Bruce Greenwald says cloud isn’t that profitable because they have to provide capacity when everyone needs it, so it’s not really just using their excess capacity. The device business is bad, too. Miller says the device business is defensive. All of retail is realizing that AMZN is a threat to EVERY segment. AMZN has all the data about what you buy, like, etc. Ease of use. End market is so large. GOOG: internal discipline issue on capital spending.

How he does valuation? Build probabilistic models. No predictions: what does the market believe, what is embedded in the price, what is the trajectory of the business? INTC, CSCO, AAPL, MSFT, good business with reasonable valuations today.

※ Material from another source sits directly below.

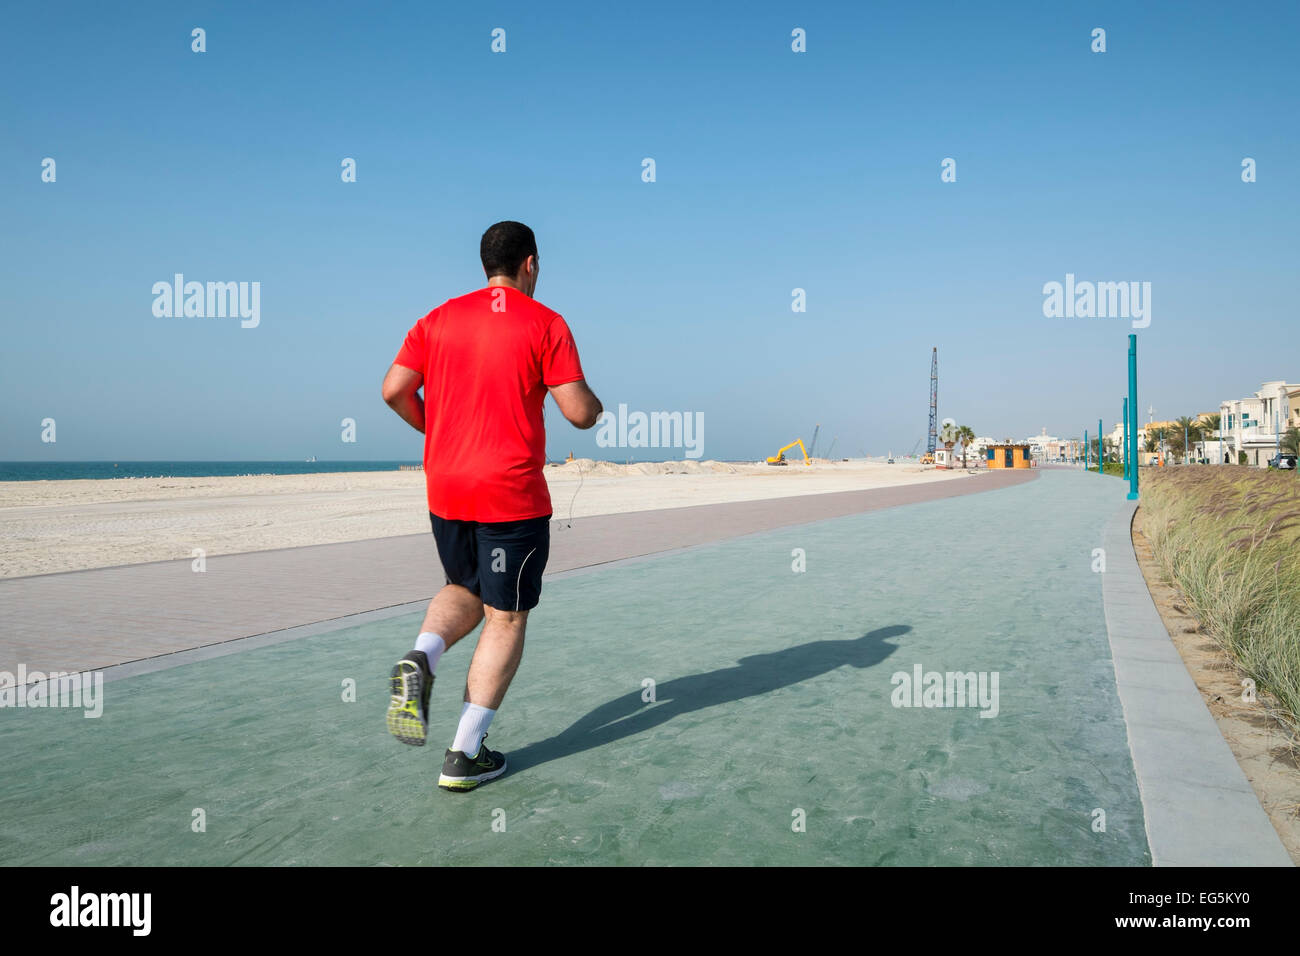 Man jogging on new redeveloped jogging and walking track along beach at Umm Suqueim  in Dubai United Arab Emirates Stock Photo

Macro is fading as an important thing for investors. People have adequately discounted the macro risks.

Biggest Lesson He's Learned: if building an investment business, you need to be different, and right. That will attract assets. He went from zero to 75B in assets. Those assets will also fly out when you are different and wrong. To build a business, be different and right, to retain the business, you have to be a closet indexer.

Things change. Understanding and recognizing them is the key. They were late in the game in recognizing how far valuations would be squeezed by the financial crisis. “Don’t rule anything out.” When in a crisis, wait for the global coordinated action.

Stocks Miller Likes Now

2008 was a lot of permanent loss, 2011 was temporary losses.

1. Bullish on housing already, all data-driven. KBH up 80% for the year! Still lower than it was a year ago. Housing cycle in process of bottoming, orders are up, better business models. Massive cyclical turn, with profound implications for the US economy.

2. Genworth: Mortgage business down, 50-100% gain in 12 months.

3. Financials: C, BAC below tangible book.

4. Insurance companies: below book value.

5. Airlines: Worst industry in the history of the world. Here’s the difference now. Was commodity business, unionization, high regulation, and fuel costs volatile, fragmented. Highest share was 12% in the US. United now 26%, DAL 25%, so story is consolidated business with better pricing. Positive FCF for 3 years straight now. UAL 40% ROIC. $5 FCF, will be investment grade in a year, trades at 3.5x earnings. Small, risky position.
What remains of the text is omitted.